阅读说明：本技术 基于蒸汽管网模型的主动式疏水系统 (Active drainage system based on steam pipe network model ) 是由 赵琼 陈伦 刘成刚 谢金芳 王鹏飞 时伟 于 2020-12-17 设计创作，主要内容包括：本发明公开了基于蒸汽管网模型的主动式疏水系统,包括如下步骤：S1建立蒸汽热网的机理模型；S2设定疏水条件；S3根据热网运行的实时数据,使用步骤S1的模型计算各节点的蒸汽参数；S4根据疏水条件判定该管段是否需要疏水；S5判定需要疏水管段内的蒸汽流向,开启沿蒸汽流向方向上、距离需要疏水管段下游节点、最近的蒸汽直排管上的阀门进行疏水。本发明中根据蒸汽热网的机理模型判断网管内的蒸汽状态,并根据蒸汽的流向更加科学、合理的主动疏水,避免母管中堆积冷凝水,保证系统运行的稳定和安全。(The invention discloses an active drainage system based on a steam pipe network model, which comprises the following steps: s1, establishing a mechanism model of the steam heating network; s2 setting a hydrophobic condition; s3 calculating steam parameters of each node according to the real-time data of the operation of the heat supply network by using the model of the step S1; s4, judging whether the pipe section needs to be drained according to the drainage condition; s5, judging the steam flow direction in the pipe section needing water drainage, and opening a valve on the nearest steam straight-discharge pipe at a position away from the downstream node of the pipe section needing water drainage along the steam flow direction for water drainage.
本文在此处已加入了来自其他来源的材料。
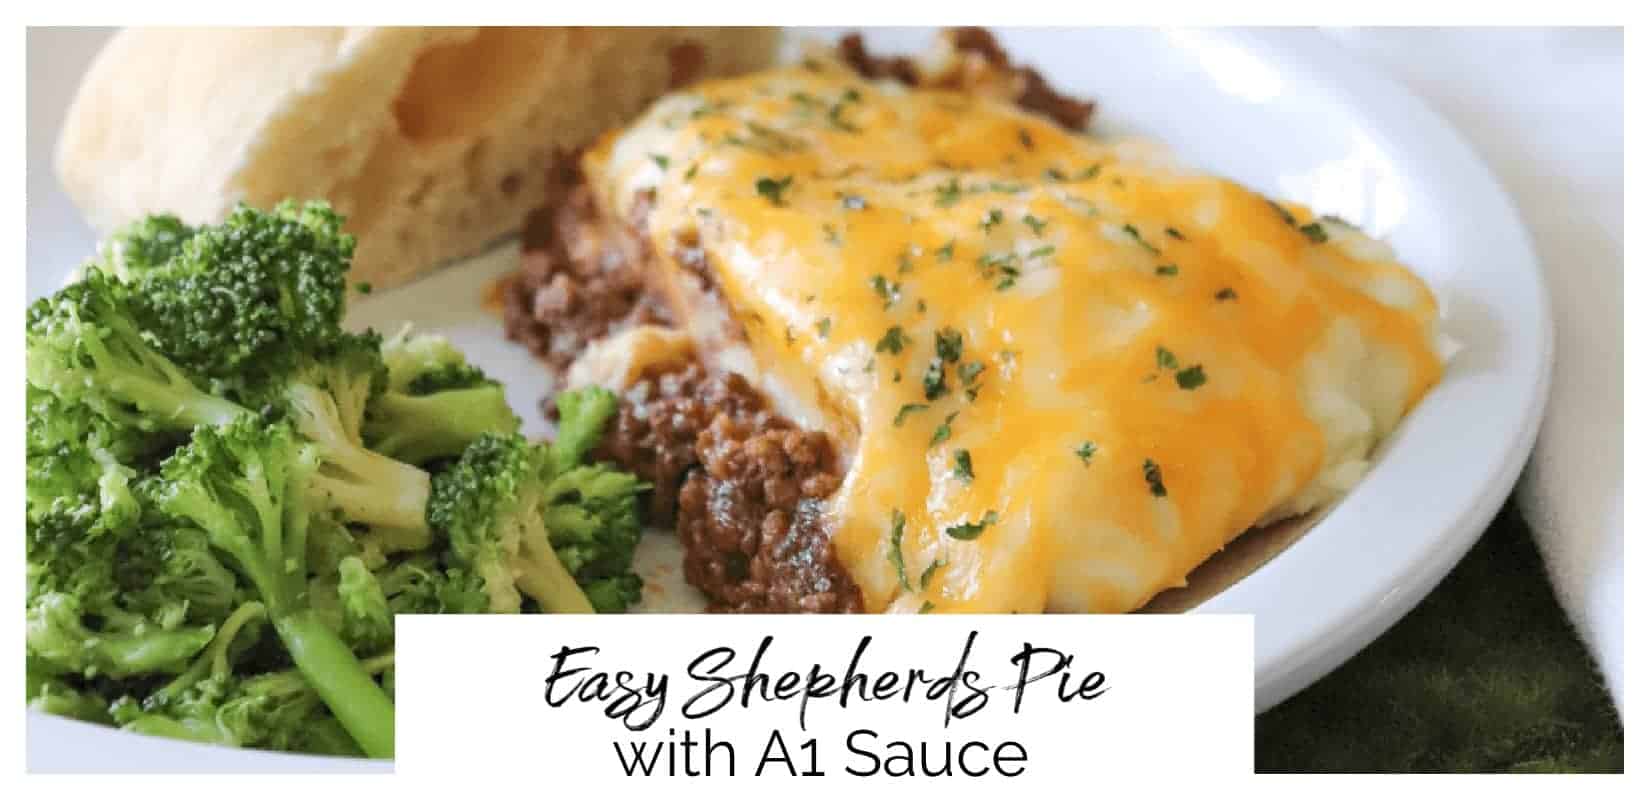 Easy Shepherd’s Pie with A1 Sauce
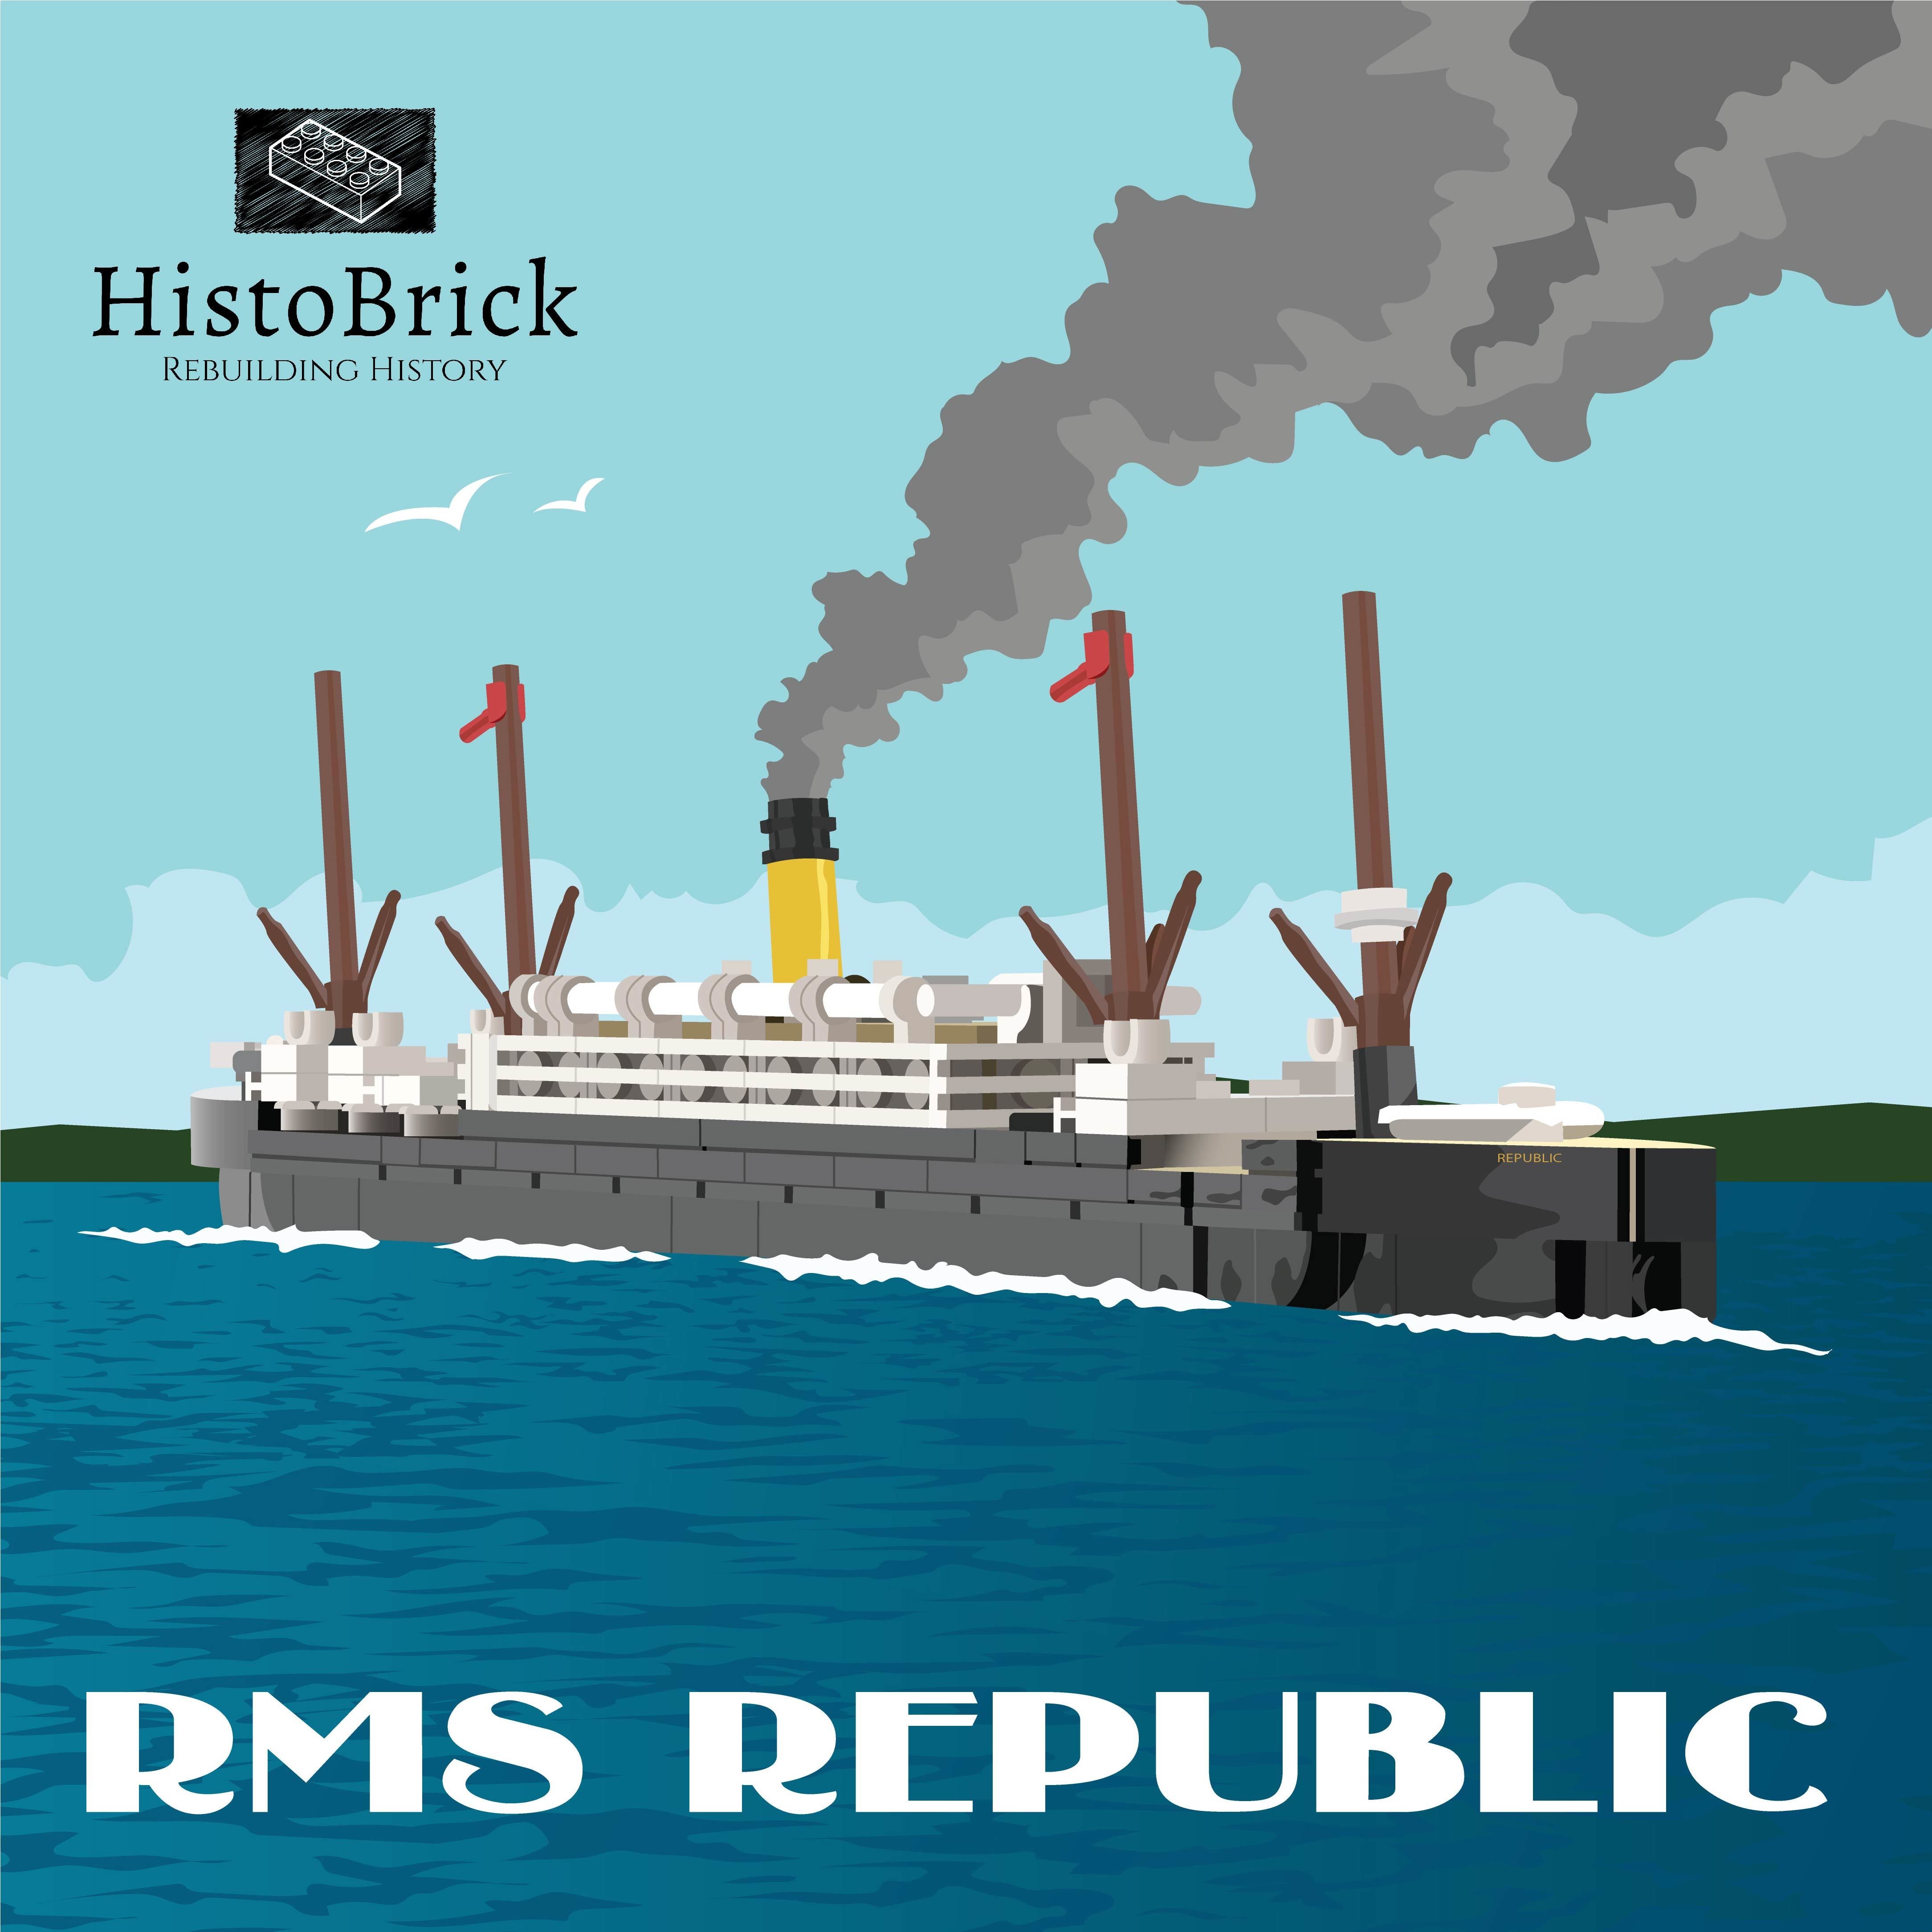 RMS Republic

According to the invention, the steam state in the network pipe is judged according to the mechanism model of the steam heating network, and active drainage is more scientific and reasonable according to the flow direction of the steam, so that condensed water accumulation in the main pipe is avoided, and the stability and safety of system operation are ensured.)

1. Active drainage system based on steam pipe net model, its characterized in that: comprises that

S1, establishing a mechanism model of the steam heating network;

s2 setting a hydrophobic condition;

s3 calculating steam parameters of each node according to the real-time data of the operation of the heat supply network by using the model of the step S1;

s4, judging whether the pipe section between the adjacent nodes needs to be drained according to the drainage condition;

s5, judging the steam flow direction in the pipe section needing water drainage, and opening a valve on the nearest steam straight-discharge pipe at a position away from the downstream node of the pipe section needing water drainage along the steam flow direction for water drainage.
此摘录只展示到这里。